L’Italia agli italiani, la Francia ai francesi, la Germania ai tedeschi, è il grido delle destre xenofobe, che non ricordano più che invece dei barconi sgangherati e delle zattere precarie, a suo tempo, da galeoni, corvette, brigantini e navi da corsa, sulle coste del “nuovo continente”, armate ed equipaggiate sbarcarono orde di “stranieri” per impadronirsi di ciò che non gli apparteneva. Orgogliosi di Fiorello La Guardia, di Joe Di Maggio, di Albert Einstein e migliaia d’altri, si trascura che tutte queste persone erano “migranti”, fuggiaschi a cui fu data l’opportunità, come a Enrico Fermi e ad altri, di diventare scienziati di prim’ordine. Chissà quanti Fermi, La Guardia, Einstein potrebbero esservi fra i giovani in cerca di futuro che si spiaggiano sulle nostre coste, se soltanto pensassimo al nostro passato, più o meno remoto! L’America agli americani! America First, prima gli italiani, Germania über alles! Ma i veri americani a cui l’America dovrebbe appartenere sono gli Algonchini, i Chippewas, i Sioux, gli Apaches; certamente non i soldati di sua maestà britannica e le migliaia di coloni che strapparono la terra ai loro legittimi proprietari nel nome della loro supposta “superiorità”.

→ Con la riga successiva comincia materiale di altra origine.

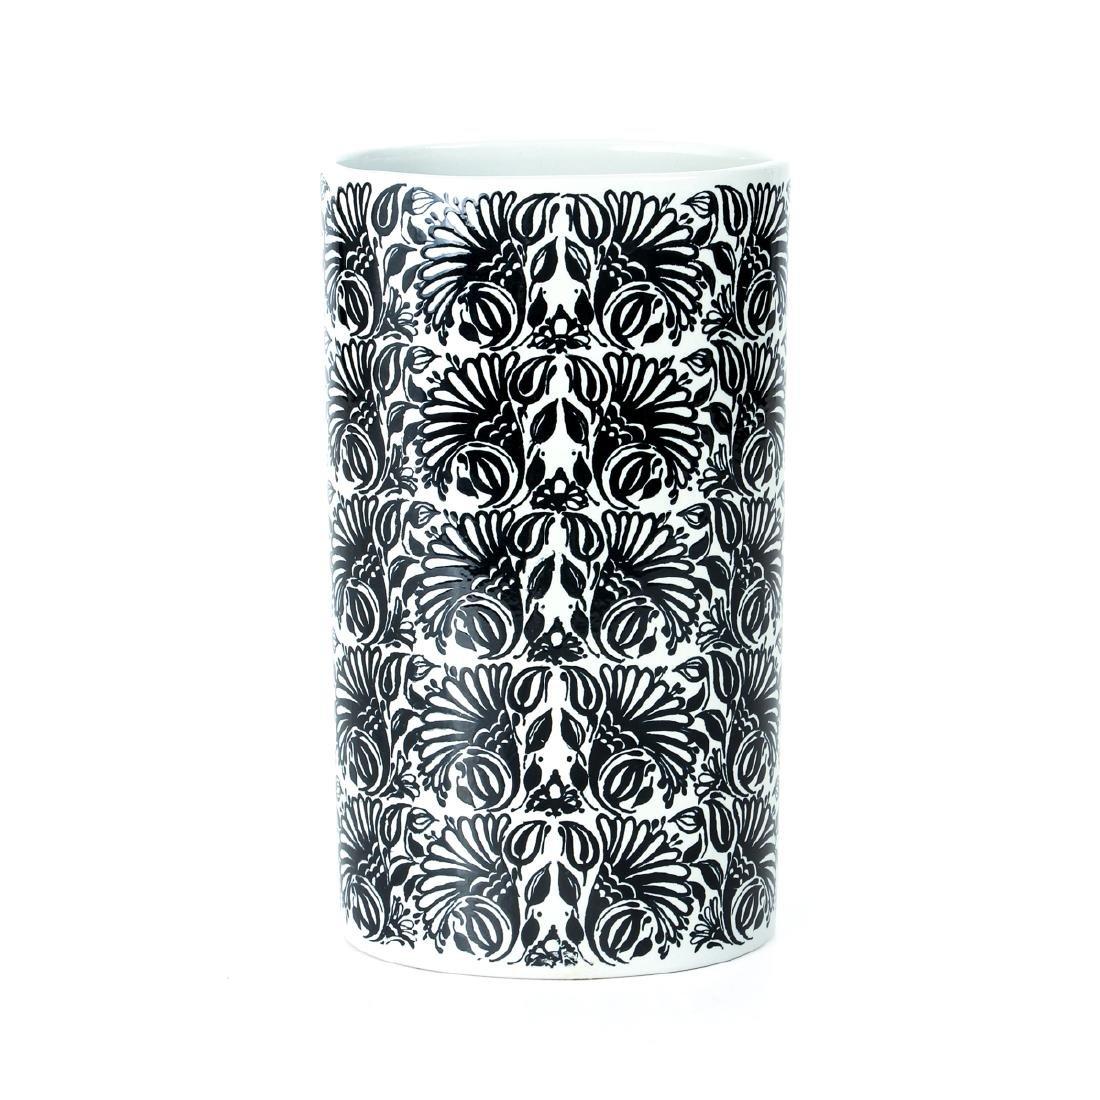 Bjorn Wiinblad Nymolle Petunia Vase - 3

Cosa sarebbe oggi la Sicilia, se da 3.000 anni a questa parte non l’avessero “invasa” i greci, gli spagnoli, gli arabi, i normanni. Le nostre cose più belle le dobbiamo a loro; la nostra architettura, la nostra arte, i nostri cibi, la nostra lingua, la nostra agricoltura. Quanti potrebbero gustare gli “arancini di Montalbano”, i cannoli del dott. Pasquano e le granite di Scicli, o le meravigliose arance rosse se non ce le avessero regalate gli arabi? Quando noi, invece, insieme agli altri europei, siamo sbarcati in Africa, abbiamo prevalentemente seminato morte, distruzione, sfruttamento, schiavitù, malattie, e in certi contesti continuiamo a farlo ancor oggi.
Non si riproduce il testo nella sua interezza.